THE SINNER ARRAIGNED AND CONVICTED.
1. Conviction of guilt necessary.—2. A charge of rebellion against God advanced.—3. Where it is shown—that all men are born under God's law.—4. That no man hath perfectly kept it.—5. An appeal to the reader's conscience on this head, that he hath not.—6. That to have broken it, is an evil inexpressibly great.—7. Illustrated by a more particular view of the aggravations of this guilt, arising—from knowledge.—8. From divine favors received.—9. From convictions of conscience overborne.—10. From the strivings of God's Spirit resisted.—11. From vows and resolutions broken.—12. The charges summed up, and left upon the sinner's conscience.—The sinner's confession under a general conviction of guilt.
1. AS I am attempting to lead you to true religion and not merely to some superficial form of it, I am sensible I can do it no otherwise than in the way of deep humiliation.
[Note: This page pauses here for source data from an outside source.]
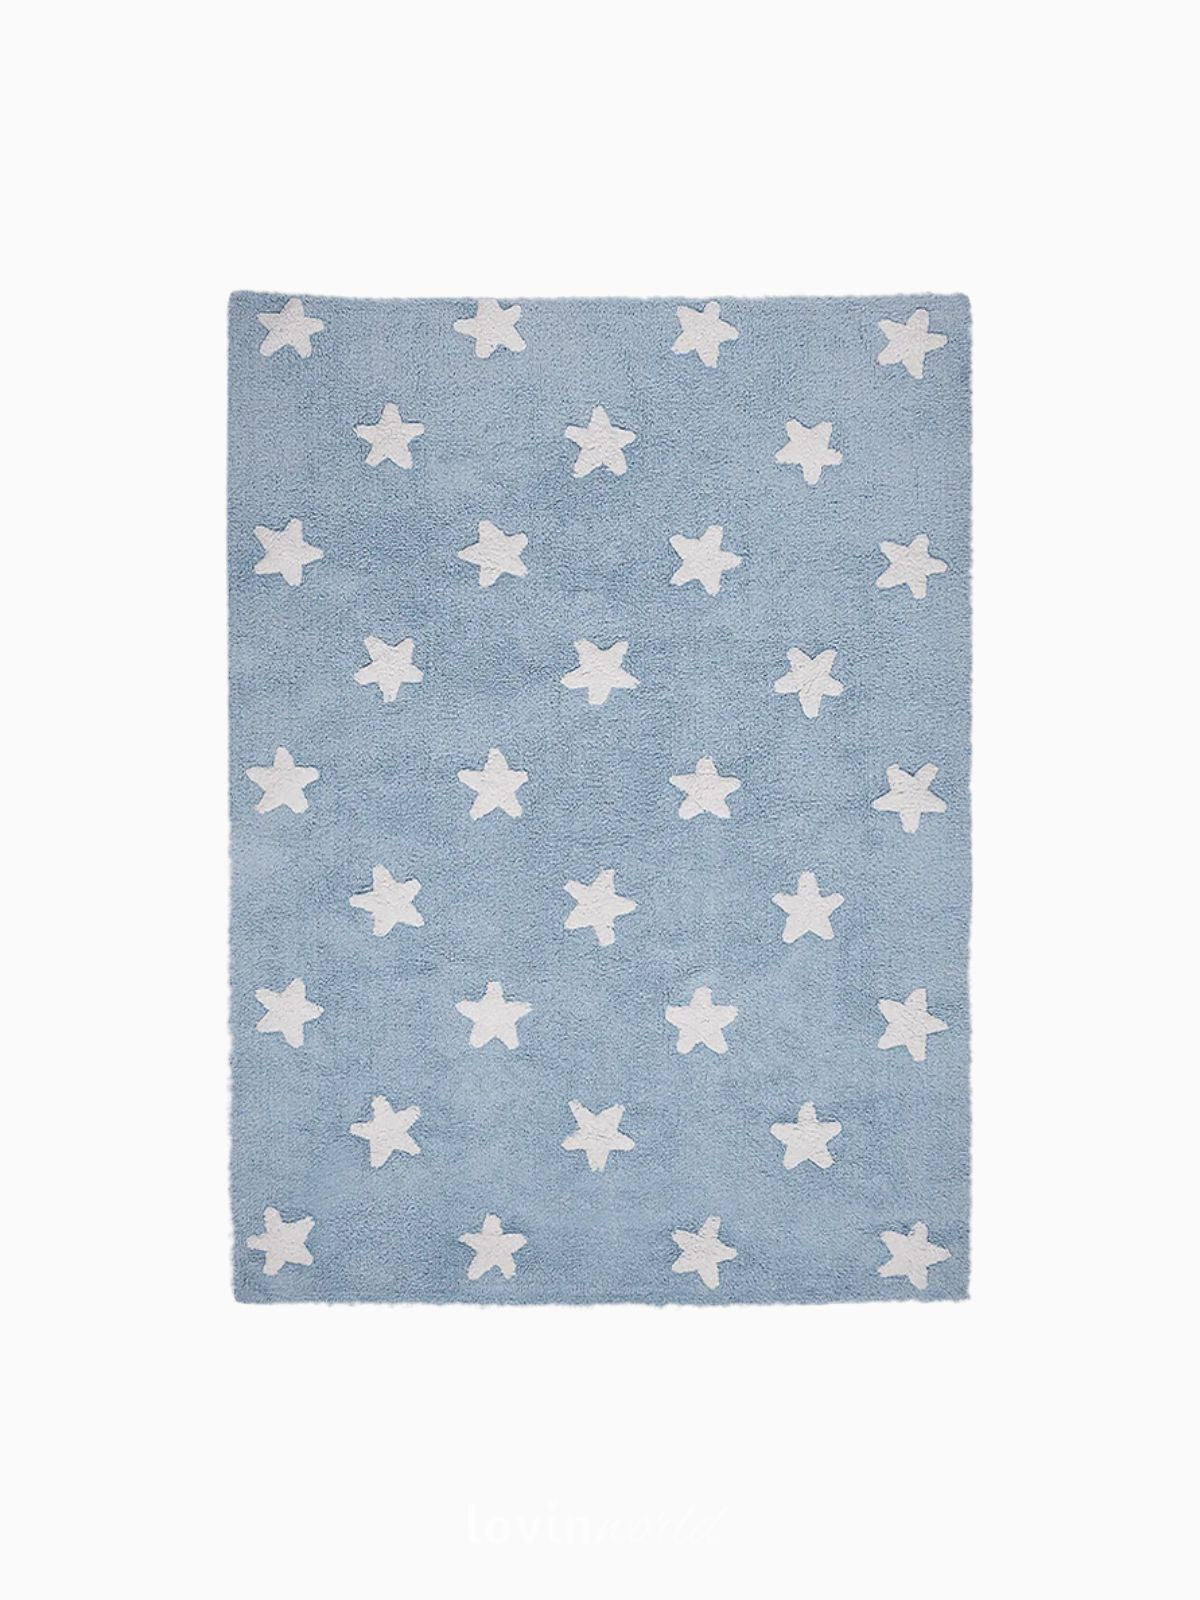 Tappeto lavabile per bambini Stars in colore blu 120x160 cm.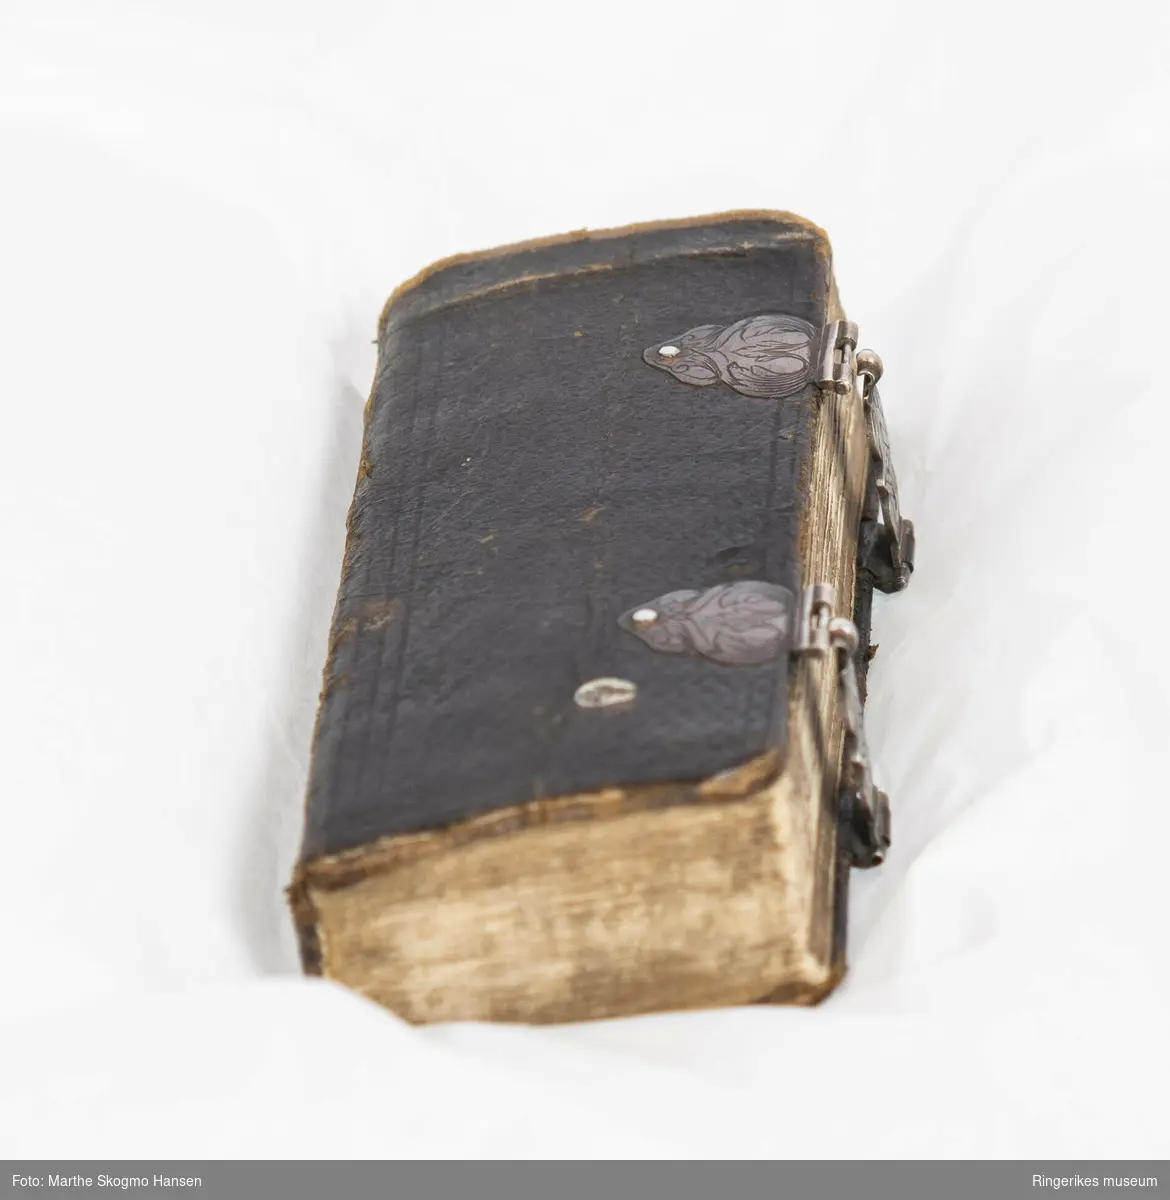 Liten salmebok. 270 sider. Trykket i København i 1762. Uleselig håndskrift på de første og siste sidene. Trepermer trukket med lær på utsidene. Boken lukkes med mønsterdekorerte tinnlåser. Sidenes utsider har innskåret mønster.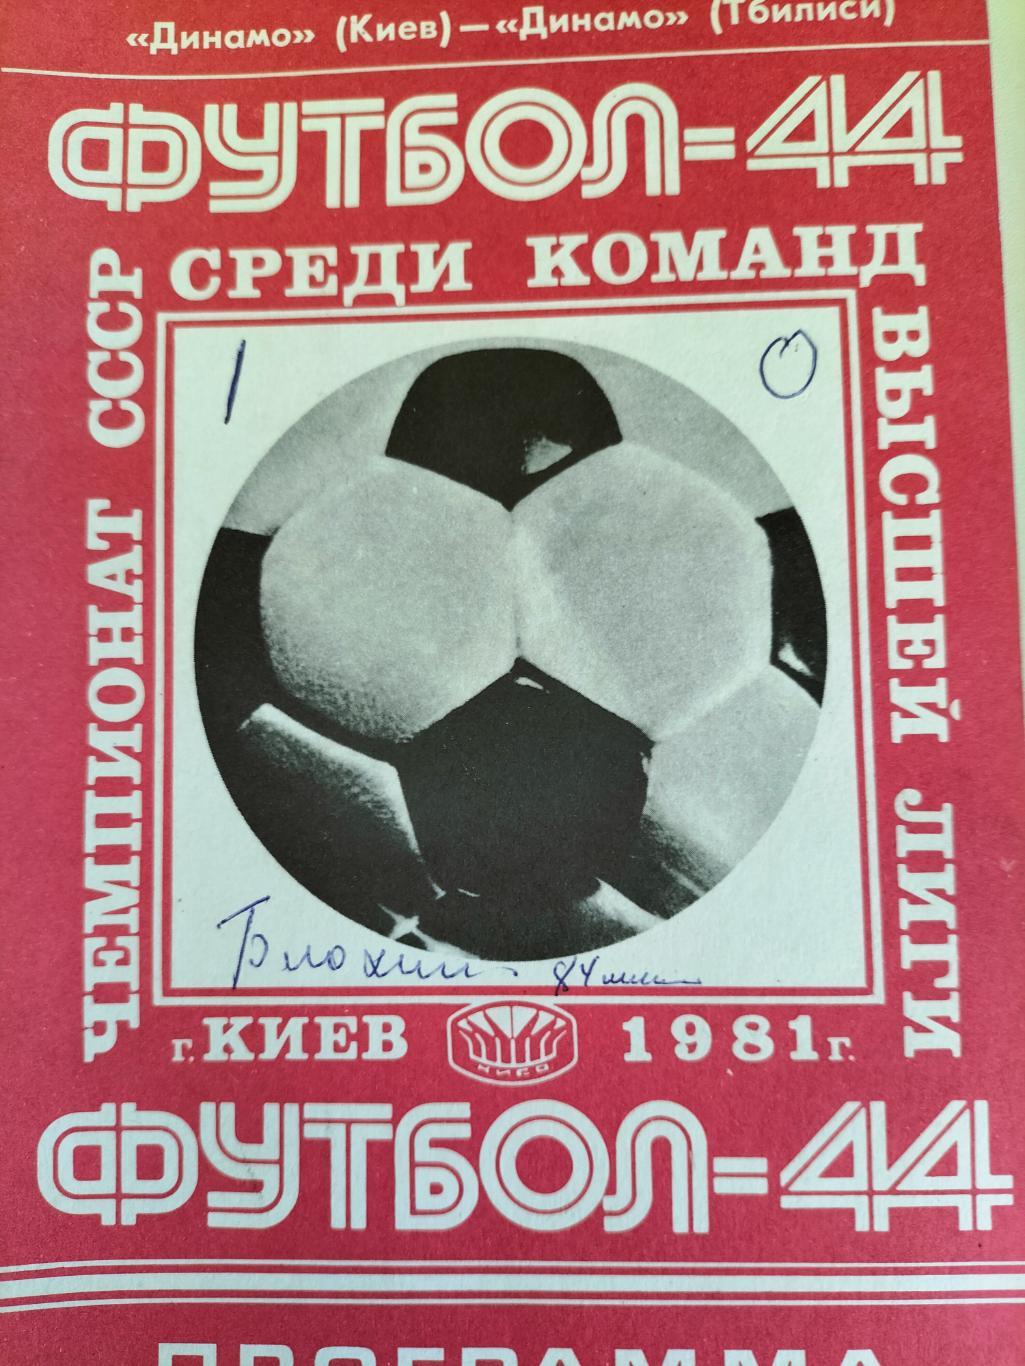 Динамо Киев - Динамо Тбилиси 1981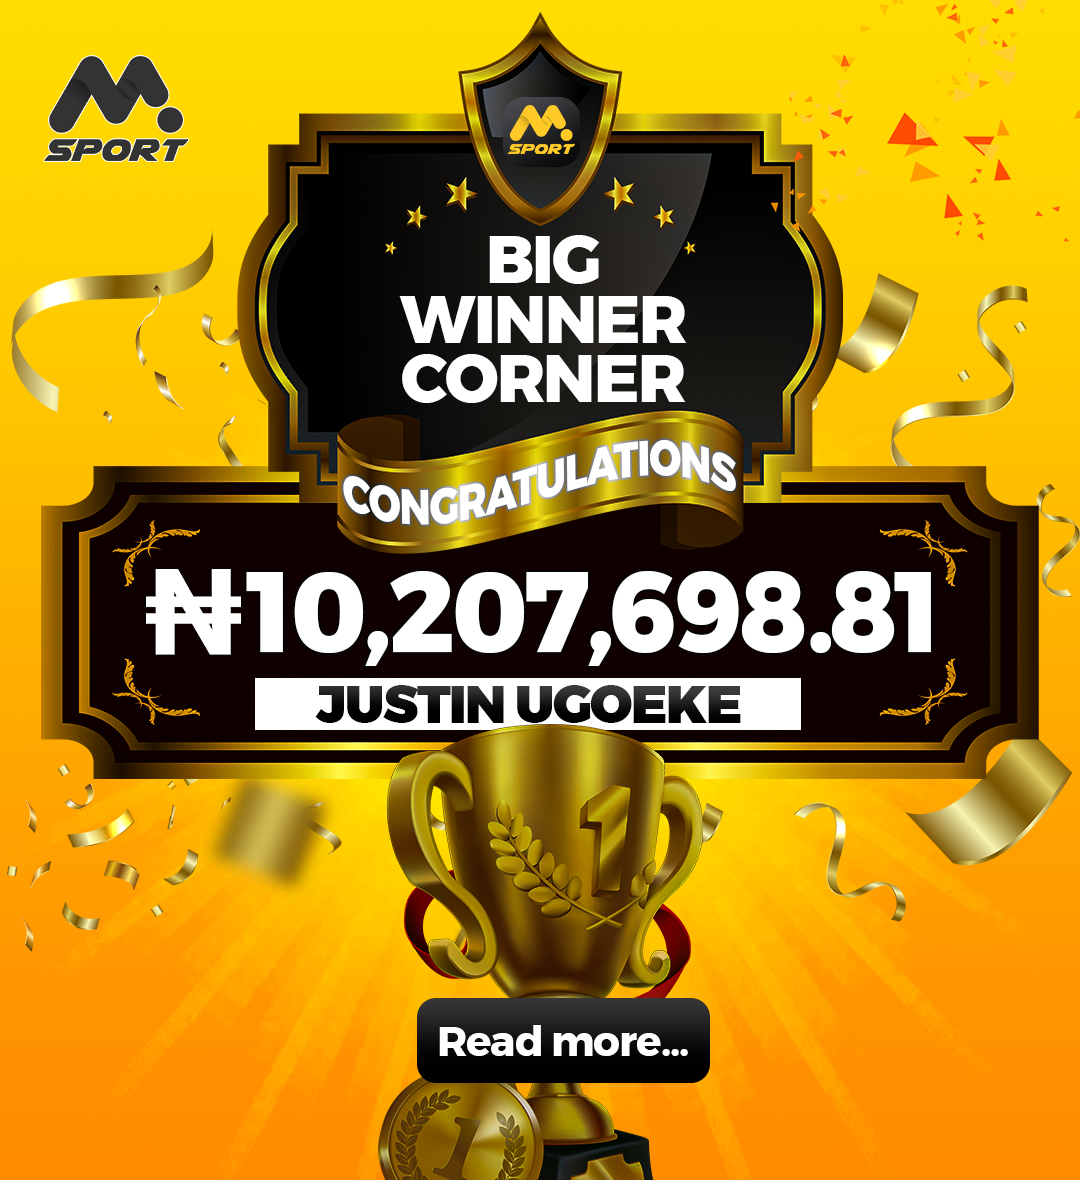 MSport Customer, Justin, Wins 10 Million Naira with 1,000 Naira Stake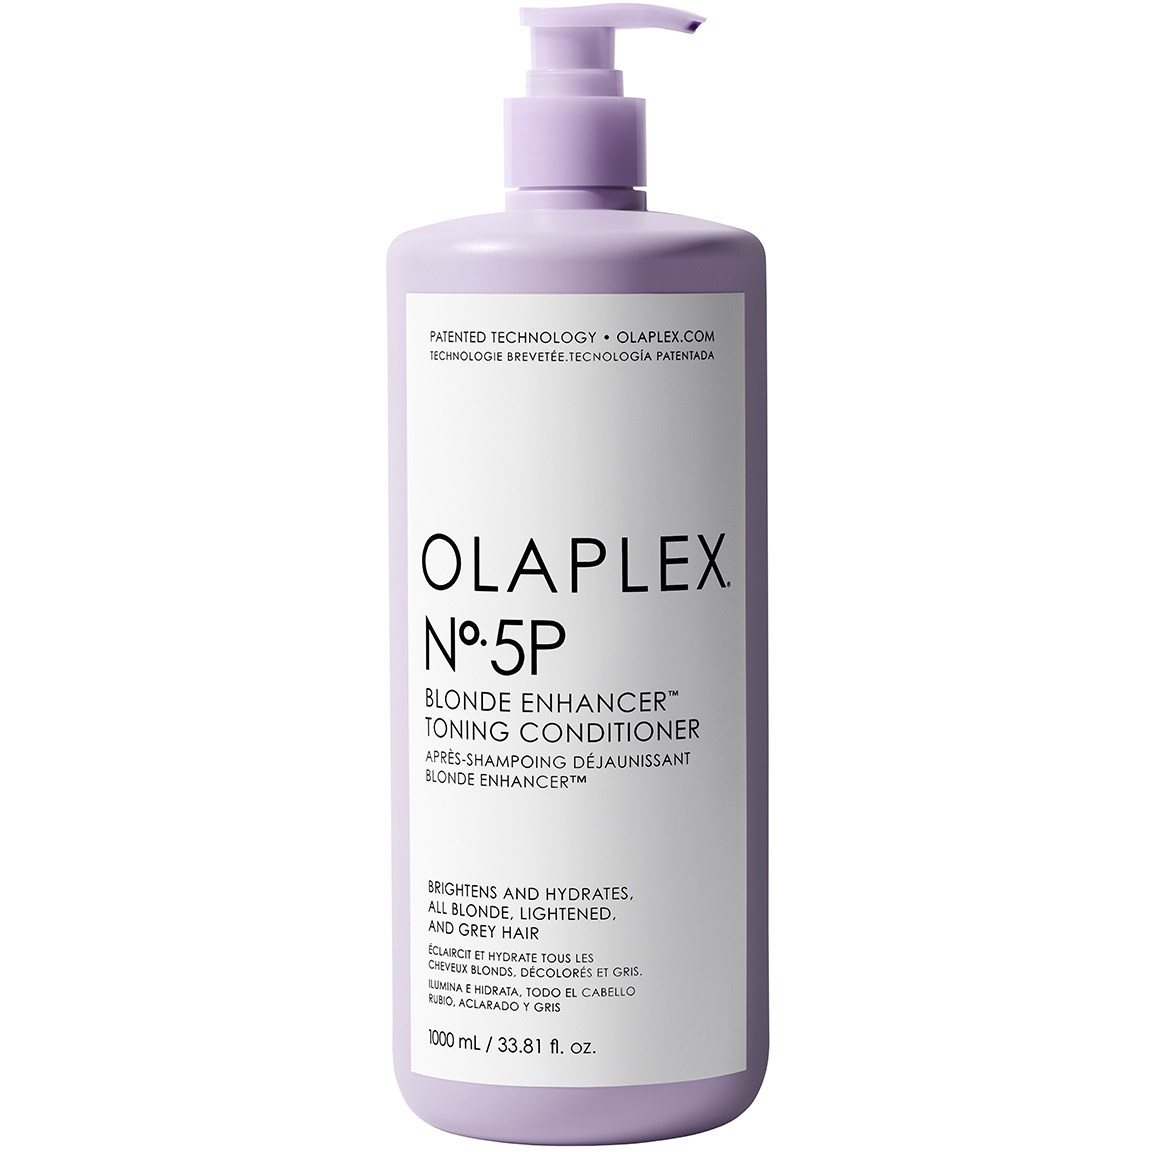 Olaplex No.5P Toning Conditioner 1000 ml

And therefore supposing you are persuaded, through the divine blessing on what you have before read, to take it into consideration, I would now endeavor, in the first place, with all the seriousness I can, to make you heartily sensible of your guilt before God. For I well know, that, unless you are convinced of this, and affected with the conviction, all the provisions of Gospel grace will be slighted, and your soul infallibly destroyed, in the midst of the noblest means appointed for its recovery. I am fully persuaded that thousands live and die in a course of sin, without feeling upon their hearts any sense that they are sinners, though they cannot, for shame, but own it in words. And therefore let me deal faithfully with you, though I may seem to deal roughly; for complaisance is not to give law to addresses in which the life of your soul is concerned.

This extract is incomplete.